Much of what I write here (above as well as below) has been elaborated in Hennig, C. (2023). Probability Models in Statistical Data Analysis: Uses, Interpretations, Frequentism-as-Model. In: Sriraman, B. (eds) Handbook of the History and Philosophy of Mathematical Practice. Springer, Cham. https://doi.org/10.1007/978-3-030-19071-2_105-1; free on https://arxiv.org/abs/2007.05748

Regarding the Bayesian approach, @Ben has given a good answer. Note that there is more than one interpretation of Bayesian probabilities though. De Finetti for example is very explicit on not believing in true models and parameters. According to him the parametric model is only a device to derive meaningful predictive posterior distributions. In de Finetti's sense one can interpret the posterior regarding expected future observations, but not regarding a true parameter value, as this doesn't exist. A "true prior" in this sense would be a prior that correctly expresses your personal uncertainty (or, in "objective Bayes", the uncertainty based on secured "objective" knowledge).

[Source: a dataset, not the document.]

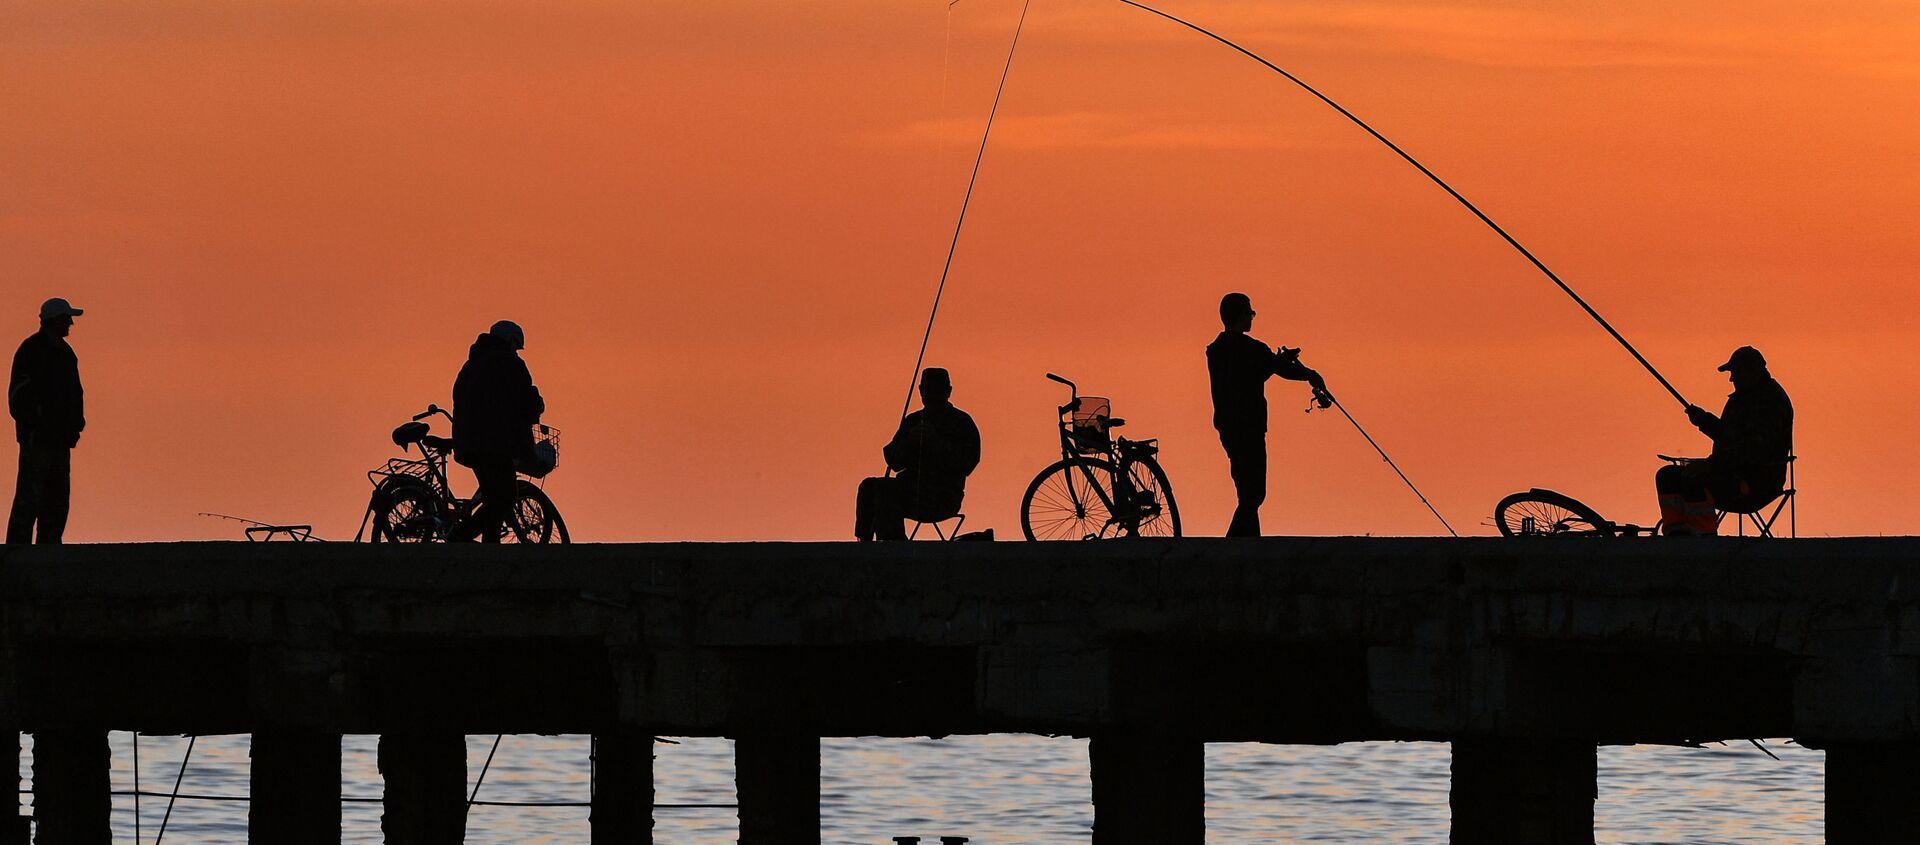 Rybacy na nabrzeżu w miejscowości wypoczynkowej Nowofedorowka na Krymie - Sputnik Polska, 1920, 01.06.2021

It has been argued though (e.g., in D. Gillies' "Philosophical Theories of Probability"; similar arguments made in Diaconis & Skyrms's "Ten Great Ideas about Chance") that having your belief modelled by a prior based on an exchangeability assumption and a parametric sampling model implies the belief that if infinitely many observations could be collected, they would in fact behave like the sampling model with a certain true parameter value, and in this sense one could correctly state that if your belief is modelled in this standard Bayesian way, you implicitly also believe in a true parameter in the sense defined above. Diaconis & Skyrms (and some other Bayesians) indeed hold that in this way the Bayesian approach actually includes frequentism, but as @Ben correctly notes, there are other differences between these schools. In particular, frequentist inference is about performance characteristics of methods given the true parameter whereas Bayesian inference is about making probability statements about that parameter and future observations (in my paper cited above I call this "compatibility logic" - frequentist inference is about whether models are compatible with the data, not about whether they are true - vs. "inverse probability logic").

Furthermore, I think that Bayesian epistemic/subjective probability is just as much an idealisation as frequentist probability is. In particular, nobody would normally really believe in exchangeability, as this does not only imply that the order of observations is irrelevant, but also that it can never be learnt, taking into account the order of observations, that in fact the order is relevant, differently from what was initially assumed (meaning that "believing" in the irrelevance of the order is not enough, you have to be 100% sure about it). So the above argument doesn't really hold as exchangeability is assumed for convenience and for having a well defined way of how to learn from the past for the future, but not because anybody would believe that it is actually true. Also a "true prior", if it even exists, may not agree with the one used for statistical analysis (for example by not assuming exchangeability).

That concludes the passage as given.